Other handy docker commands

Action Command Description
Start everything docker compose up Starts all services (shows logs)
Start in background docker compose up -d Runs services in detached mode
Stop all running services docker compose down Stops and removes containers, networks
Rebuild images docker compose up --build Rebuilds images before starting
View logs docker compose logs Shows combined logs from all services
View logs for a specific service docker compose logs app Shows logs only for the app
Restart one service docker compose restart app Restarts only the app service

A2: Provisioning a Kubernetes Cluster

Goal: reproducibly provision the Kubernetes base platform described in the A2 brief (Vagrant + VirtualBox + Ansible, Flannel CNI, MetalLB, ingress, dashboard, Istio). The controller lives at 192.168.56.100 and workers start at 192.168.56.101; counts and resources are configurable.

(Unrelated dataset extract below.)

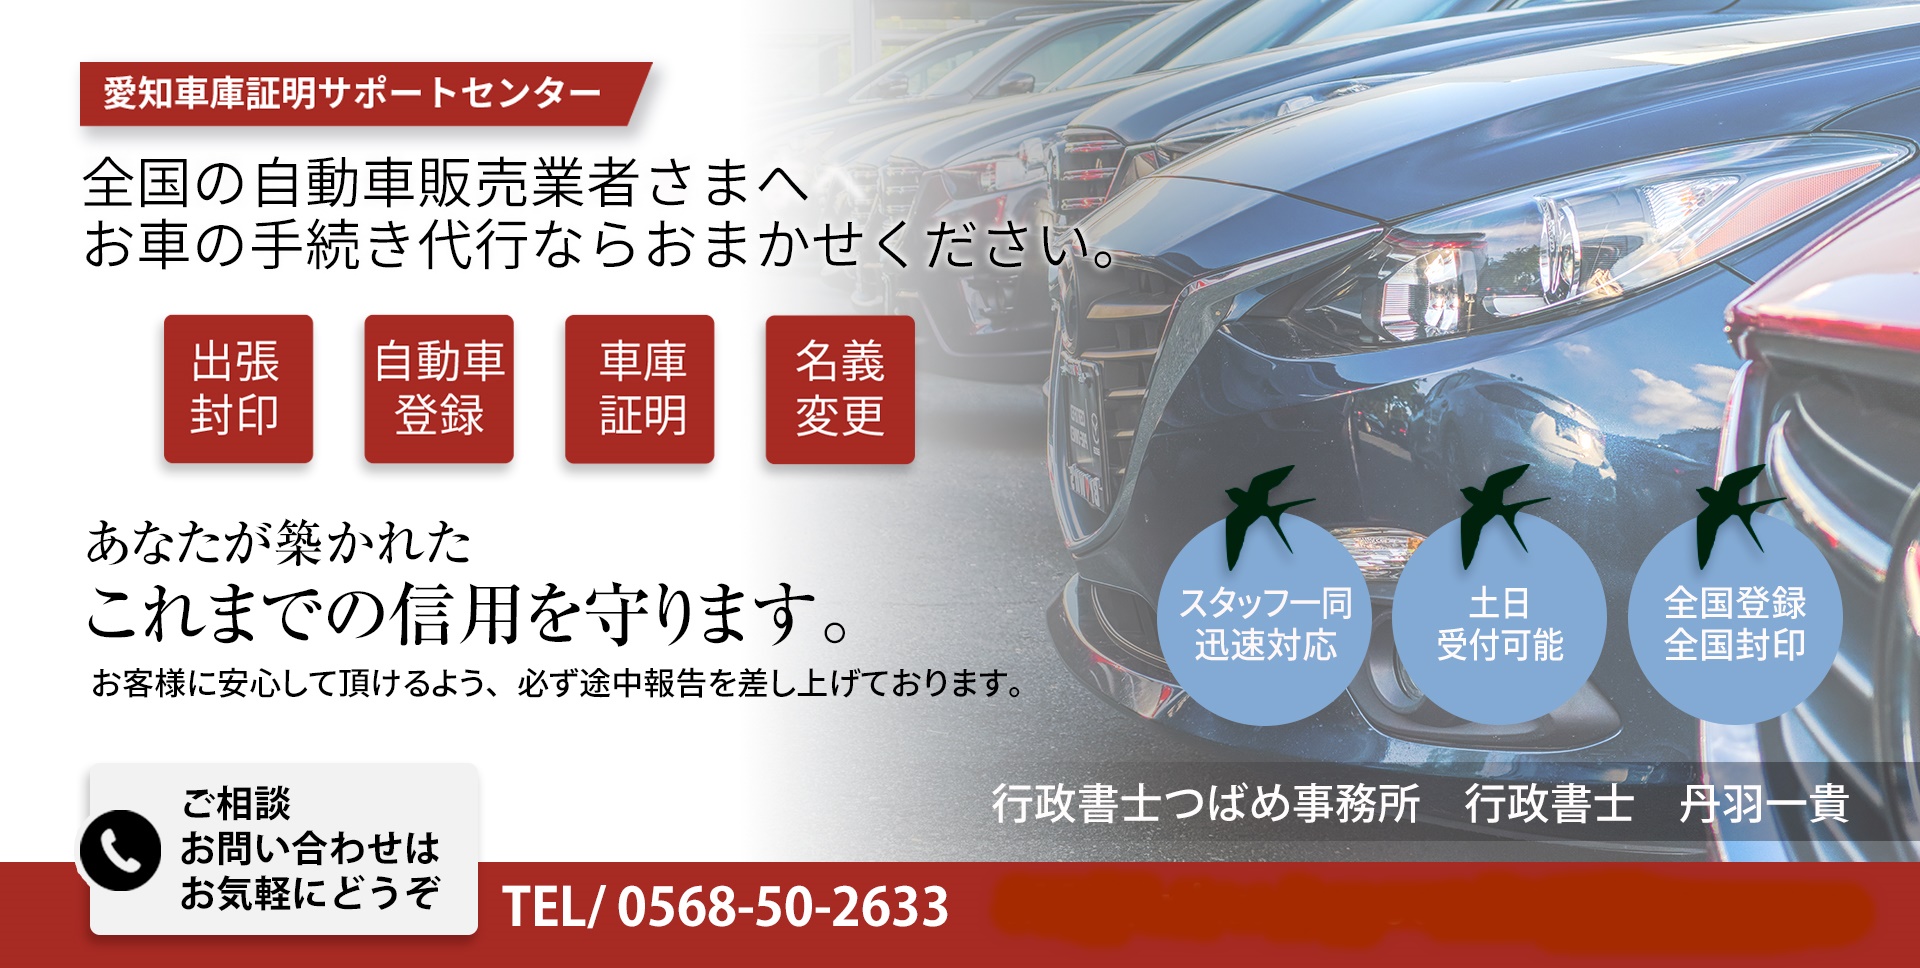 名古屋市港区の車庫証明 | 行政書士つばめ事務所が港警察署の車庫証明を代行します
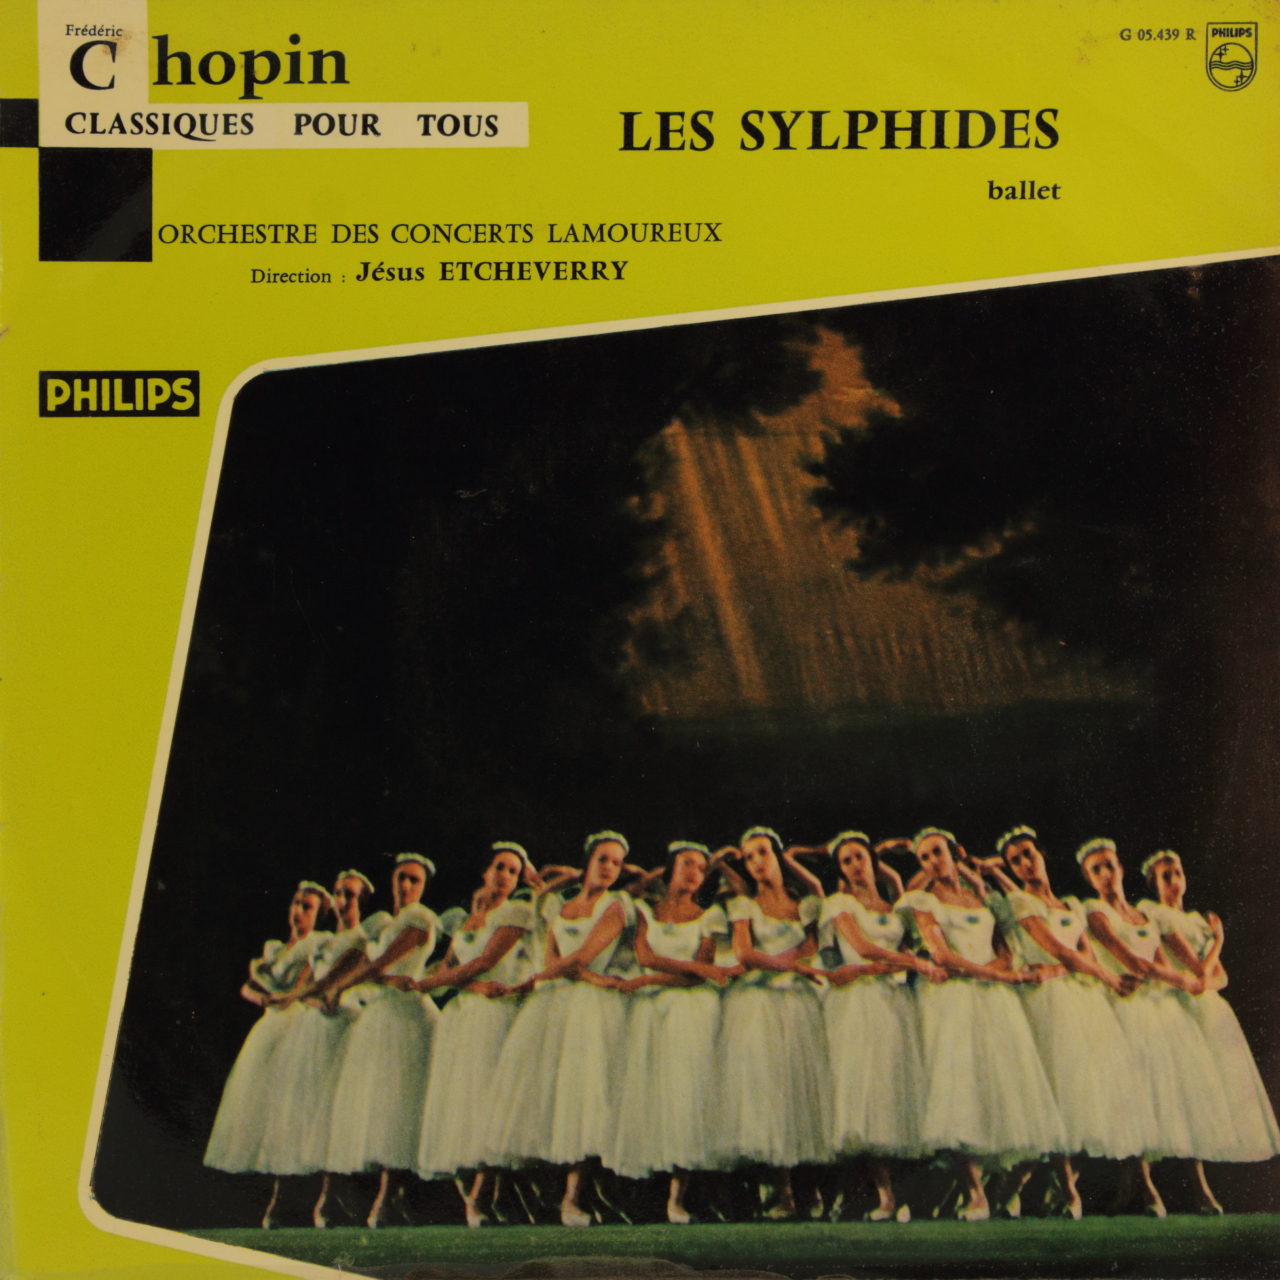 Chopin: Les Sylphides

What the automation sets up

  • Vagrant builds one ctrl and NUM_WORKERS node-* hosts on a host-only network (controller at 192.168.56.100, workers starting at 192.168.56.101/102/...); CPU/memory/worker count come from .env (NUM_WORKERS, CTRL_CPUS, CTRL_MEMORY, NODE_CPUS, NODE_MEMORY).
  • ansible/general.yml (Steps 4-12): imports team SSH keys from ansible/files/ssh-keys/*.pub, disables swap and fstab entries, loads overlay/br_netfilter, enables IP forwarding sysctls, templates /etc/hosts with all nodes, adds the Kubernetes apt repo, installs containerd 1.7.24 + runc 1.1.12 + kubeadm/kubelet/kubectl 1.32.4, writes containerd config (pause 3.10, AppArmor off, SystemdCgroup=true), restarts containerd, enables kubelet.
  • ansible/ctrl.yml (Steps 13-17): kubeadm init with advertise address 192.168.56.100 and pod CIDR 10.244.0.0/16 (idempotent via /etc/kubernetes/admin.conf check), copies kubeconfig to ~/.kube for vagrant and fetches ./kubeconfig for the host, installs Flannel with --iface=eth1, installs Helm and the helm-diff plugin.
  • ansible/node.yml (Steps 18-19): delegates kubeadm token create --print-join-command to the controller and joins each worker if kubelet.conf is missing.
  • ansible/finalization.yml (Steps 20-23): MetalLB with pool 192.168.56.90-192.168.56.99 and readiness waits; ingress-nginx with class nginx and load balancer IP 192.168.56.90; Kubernetes Dashboard via Helm with an ingress on dashboard.local (HTTPS backend) and admin ServiceAccount; Istio 1.25.2 with ingress gateway IP 192.168.56.91.

Preparation

  • Install VirtualBox, Vagrant, and Ansible on the host.
  • Add your public key(s) to ansible/files/ssh-keys/ so SSH works without passwords.
  • Optional: adjust worker count/resources in .env (e.g., NUM_WORKERS=2 NODE_MEMORY=6144).

Bring up the cluster

git pull

# Create VMs and run general/ctrl/node provisioning
vagrant up --no-provision            # rerun with `vagrant provision` if needed

Inventory generation

  • Our Vagrantfile generates a valid inventory.cfg for Ansible that contains all (and only) active nodes.
  • To avoid potential race conditions, first create VMs as stated in the previous step, and then run provisioning.
  • Inspect the generated inventory (inventory.cfg) by running:
vagrant provision

Testing inventory generation

  • To test inventory.cfg contains only active nodes:
    • halt one of the nodes, for instance, in the case that number of workers are adjusted to 3 in the Preparation step (e.g.,NUM_WORKERS=3), run:
vagrant halt node-3
vagrant provision
cat inventory.cfg
  • node-3 should not be visible under [workers].
  • Afterwards:
vagrant up node-3
vagrant provision
cat inventory.cfg
  • node-3 should now be visible under [workers].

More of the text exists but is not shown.